In neuroscience we often aim to find correlations between variables that depend on time. For example, we might correlate neuronal population activity on each trial of a task with behavioral variables such as choices. The statistical analysis of such data is difficult because the recorded variables often show slow changes in activity, which can lead to apparent correlations between them even if they are completely unrelated.

This phenomenon was given the memorable name of “nonsense correlation” by statistician G. Udny Yule (Yule, 1926). The problem of nonsense correlations has been discussed extensively in fields such as econometrics (Box, 2008; Granger and Newbold, 1974; Haugh, 1976; Phillips, 1986), but despite its importance to understanding neurophysiology data, has seen little discussion in this field (but see Elber-Dorozko and Loewenstein, 2018).
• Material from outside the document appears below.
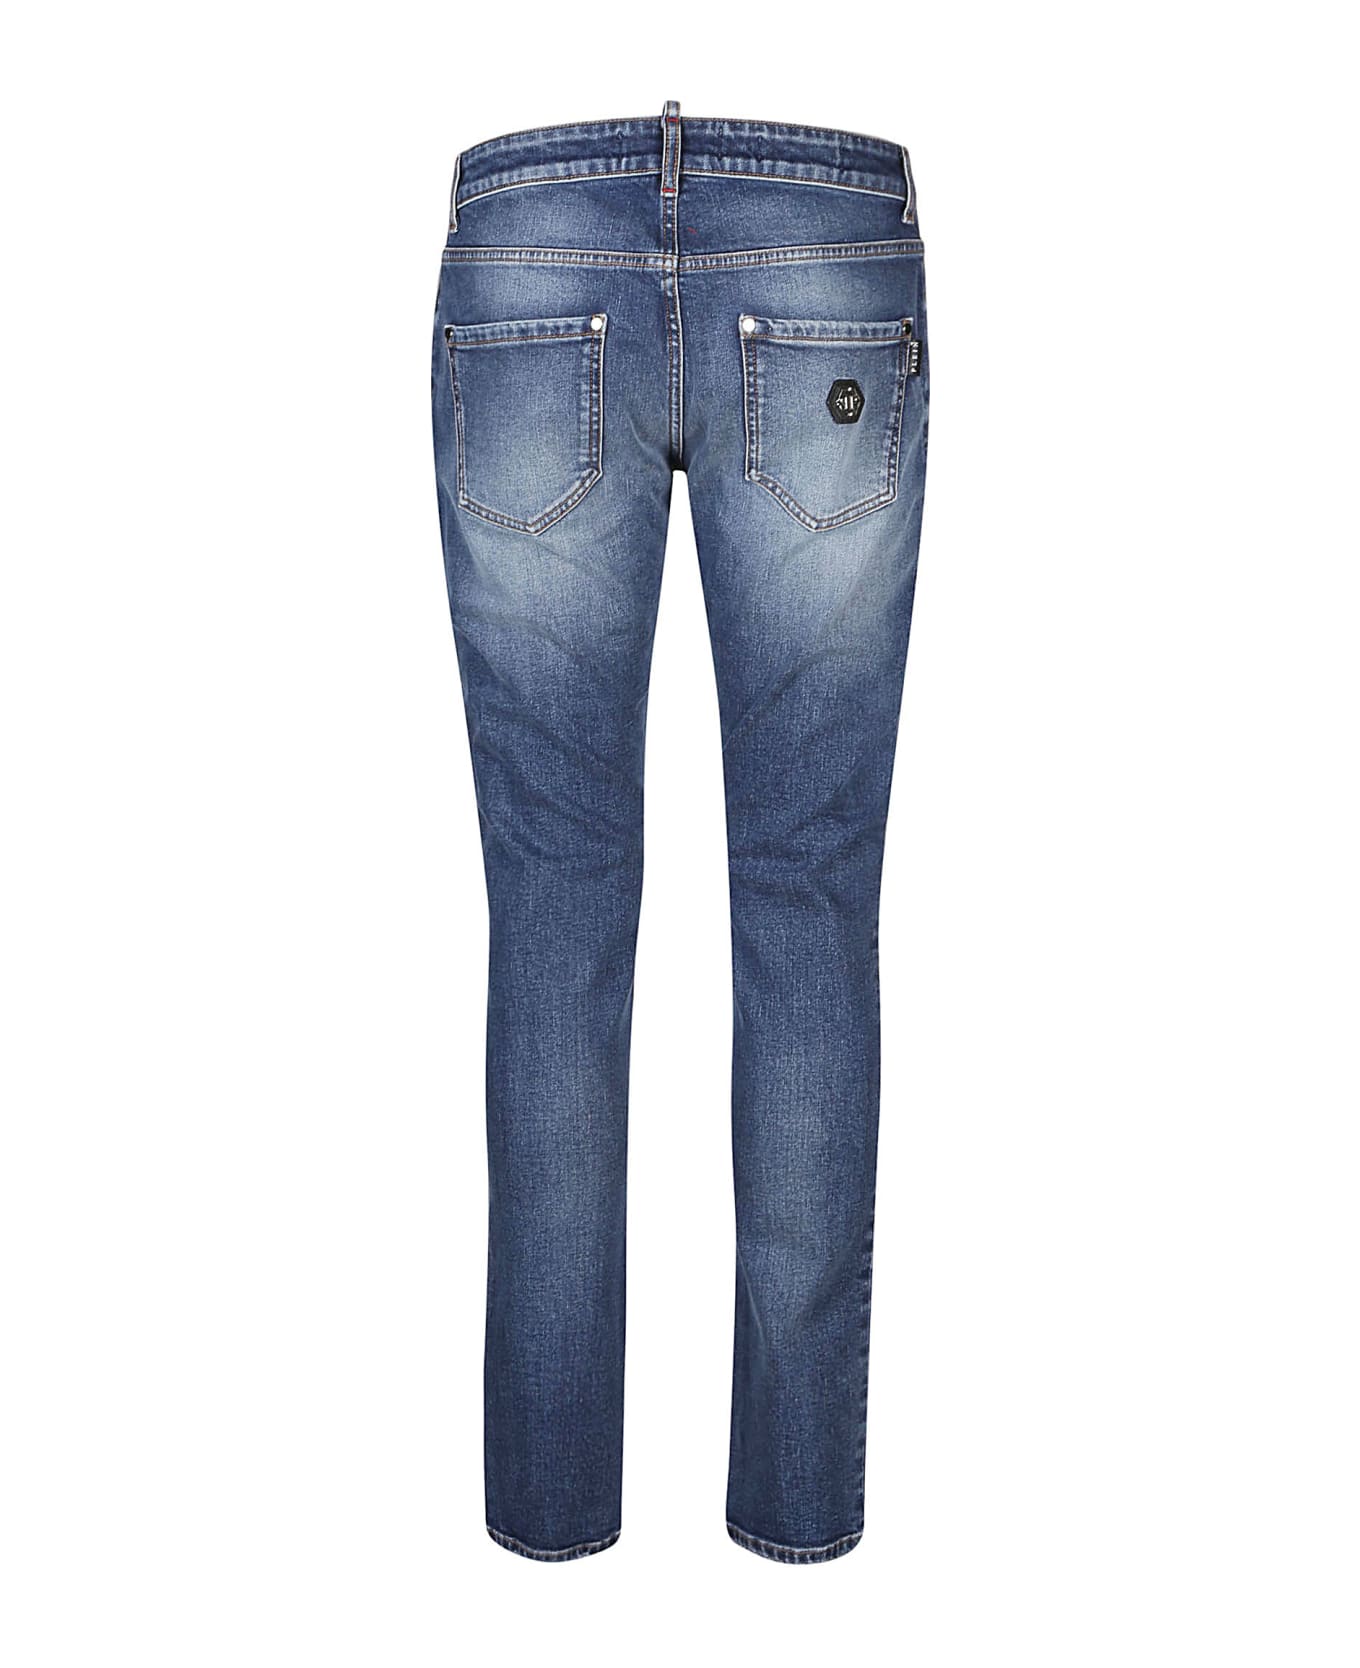 Philipp Plein Super Straight Cut Jeans - Bm Blue Marlin デニム

Here, we evaluate ten possible solutions to the problem, by applying them to simulated neural data. Two methods (the pseudosession and session permutation methods) do not produce nonsense correlations, however they cannot be used in all situations. The remaining methods (naïve correlation, linear shift, circular shift, phase and wavelet randomization, cross-validation, auto-decorrelation) can all produce nonsense correlations, although linear shift appears to do so least often. We end with conclusions for how to design experiments that allow pseudosession and session permutation methods to be used.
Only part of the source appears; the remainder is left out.